Beyond magazines and television, the scope of home improvement DIY continues to grow online where most mainstream media outlets now have extensive DIY-focused informational websites such as This Old House, Martha Stewart, Hometalk, and the DIY Network. These are often extensions of their magazine or television brand. The growth of independent online DIY resources is also spiking.[9] The number of homeowners who blog about their experiences continues to grow, along with DIY websites from smaller organizations.

DIY amongst the fashion community is popular, with ideas being shared on social media such as YouTube about clothing, jewellery, makeup and hair styles. Techniques include distressing jeans, bleaching jeans, redesigning an old shirt, and studding denim.
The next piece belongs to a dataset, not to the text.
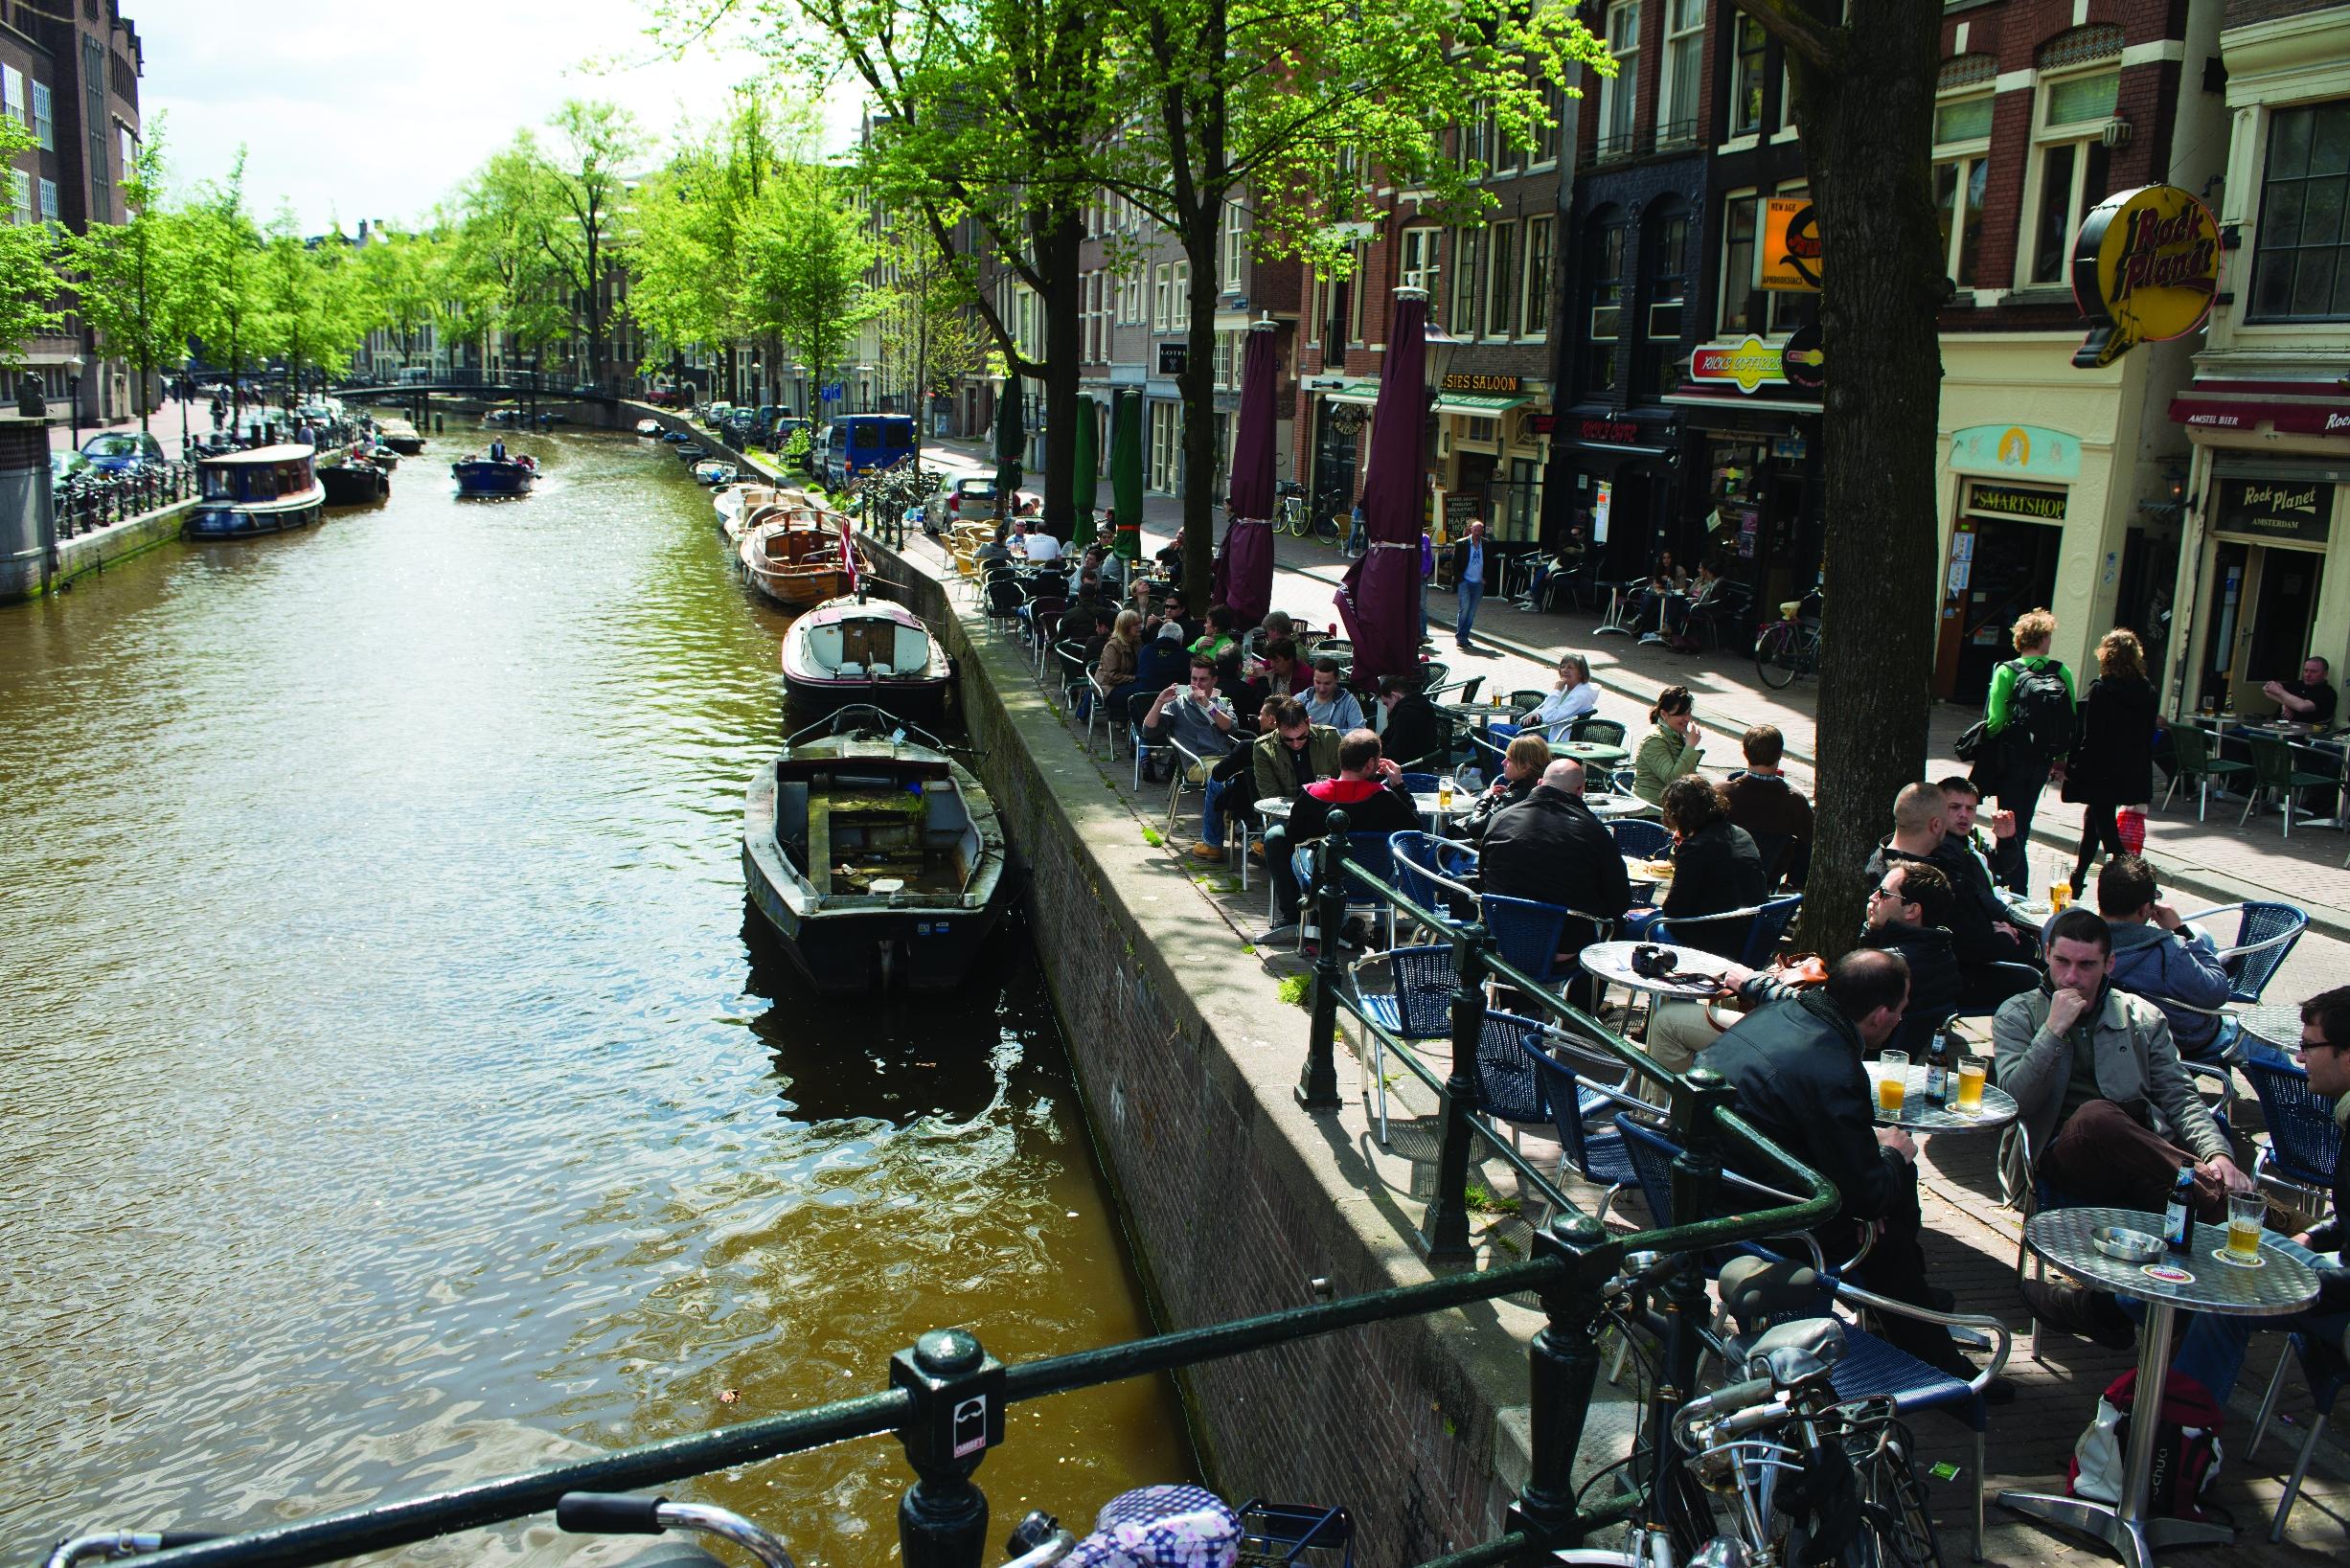 terrace-amsterdam-canals_high_rgb_3415.jpg

This trend is becoming popular.

The terms "DIY" and "do-it-yourself" are also used to describe:

DIY as a subculture could be said to have begun with the punk movement of the 1970s.[13] Instead of traditional means of bands reaching their audiences through large music labels, bands began recording, manufacturing albums and merchandise, booking their own tours, and creating opportunities for smaller bands to get wider recognition and gain cult status through repetitive low-cost DIY touring. The burgeoning zine movement took up coverage of and promotion of the underground punk scenes, and significantly altered the way fans interacted with musicians. Zines quickly branched off from being hand-made music magazines to become more personal; they quickly became one of the youth culture's gateways to DIY culture. This led to tutorial zines showing others how to make their own shirts, posters, zines, books, food, etc.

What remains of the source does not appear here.